Hi there! That’s normally how you start these things, right? A ‘hi’, a ‘hello’, maybe even a ‘howdy!’ Oh. Yeah. And my name. Probably would’ve been best to start off with that too. My name is Adithya Peiris Suriyapperuma but, for expediency’s sake, you can call me Adi. Think Adi like Adidas. You’re laughing right now, aren’t you? See! That always gets them.

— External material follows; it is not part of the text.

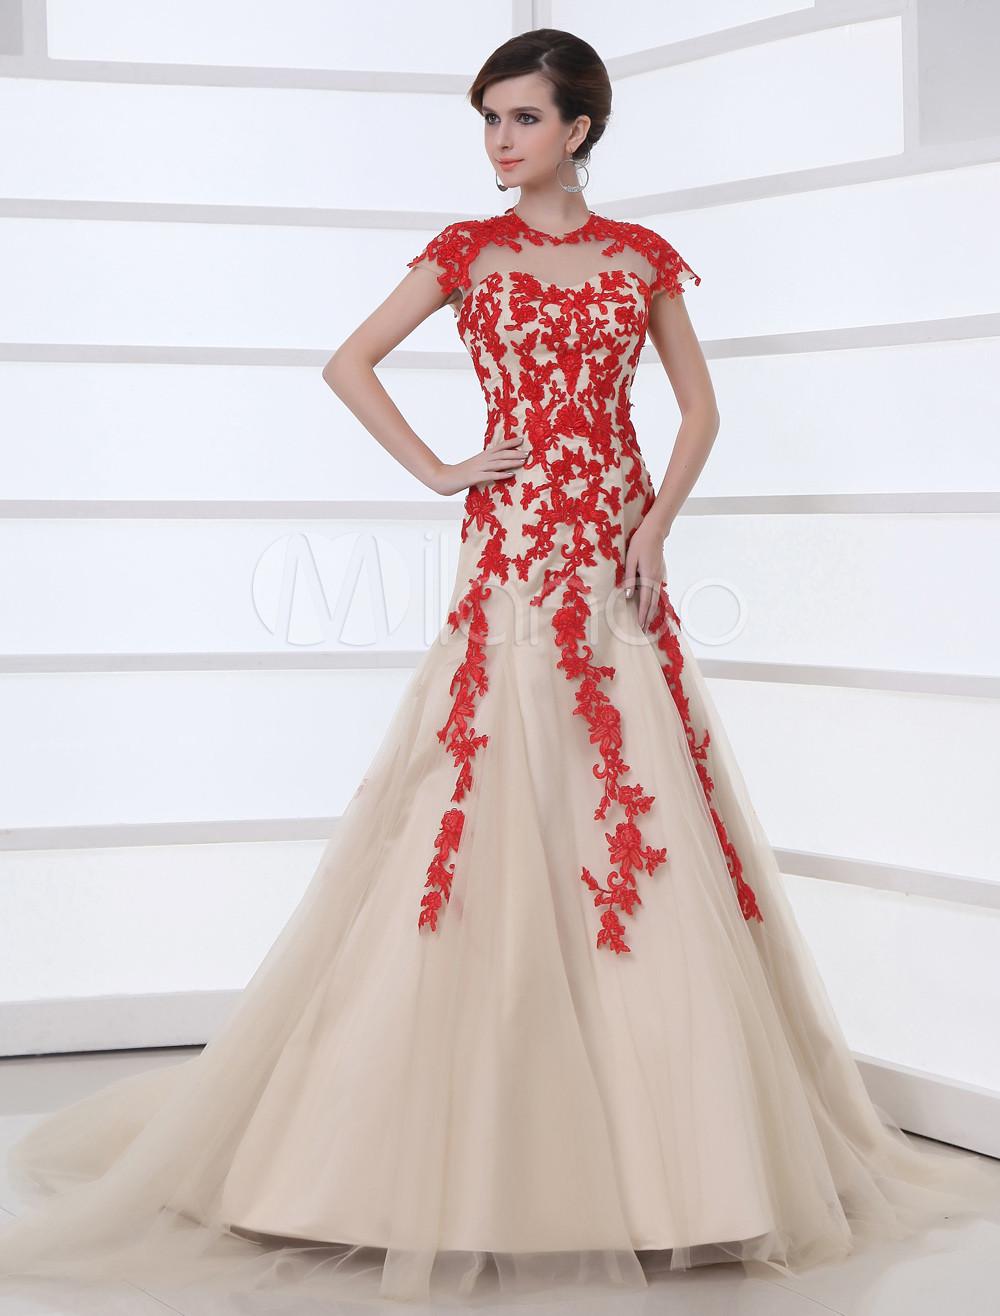 A-line Champagne Net Applique Peter Pan Collar Prom Dress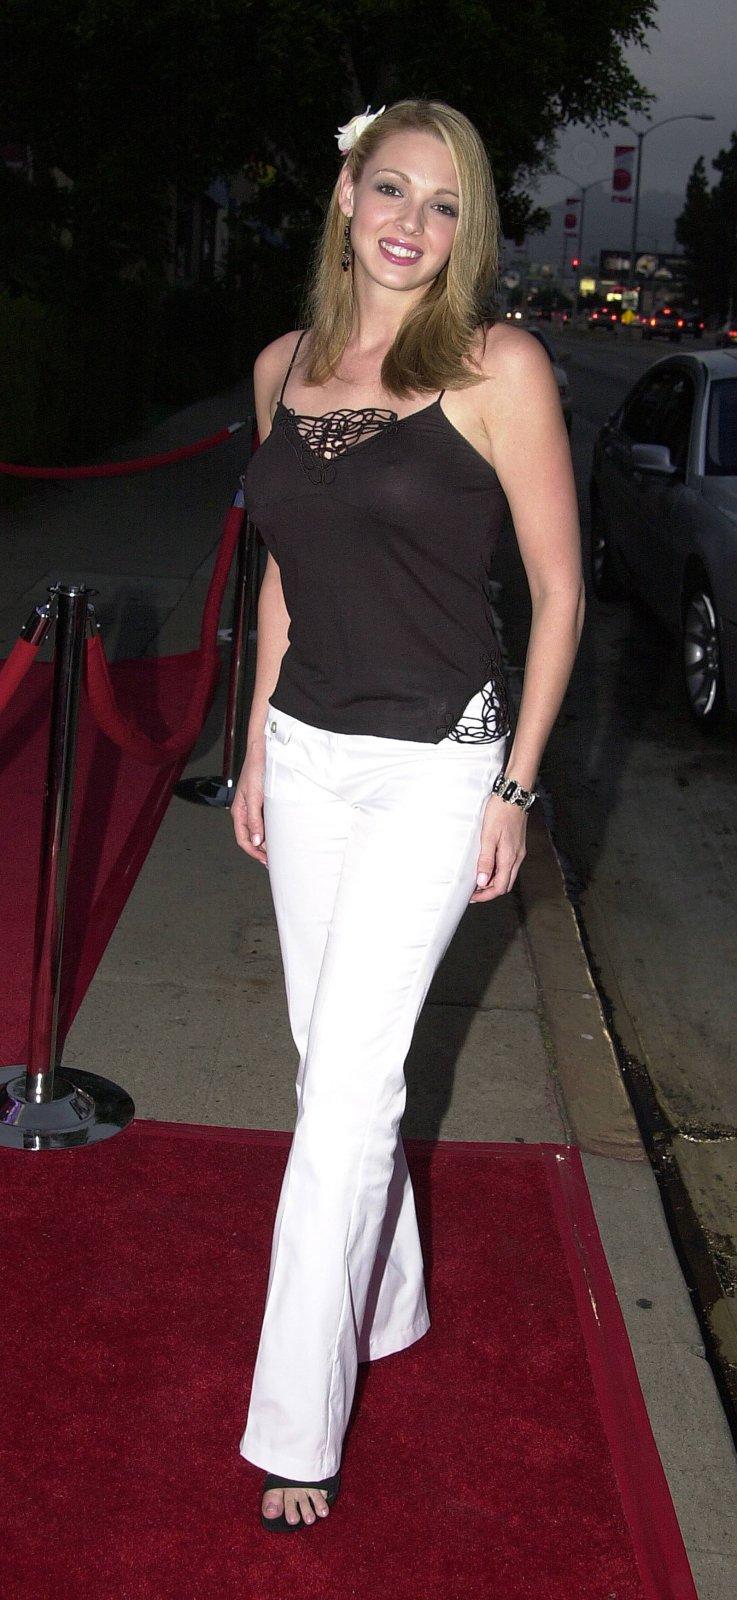 Angela Dodson Net Worth

Anyway, now that I’ve given you the who, I think it’s about time I get around to the why and the what: why I’m here and what I do here for the Curatorial and Engagement department. Firstly, I’m here as part of a government-funded traineeship scheme to integrate more ethnic minorities into the museums and galleries sector. Throughout the traineeship, I have been able to practice many of the skills I had prior to starting it, whilst picking up some new skills along the way. This has worked out perfectly in terms of what I do with the Outreach team. Here, I’ve been able to fully utilise my existing skills in creative writing by promoting venues and artefacts via social media. Furthermore, I’ve picked up new skills in community engagement after travelling with my supervisor to local care homes and taking the elderly residents back in time by using a treasure trove of nostalgic items found in our Reminiscence Boxes. Suffice to say, it’s only just the beginning and I can’t wait to see what the Outreach department has in store for me over the next two months. In the words of the great Canadian poet, Randy Bachman, of Bachman-Turner Overdrive;

“You ain’t seen nothin’ yet. B-b-b-baby, you just ain’t seen n-n-nothin’ yet.”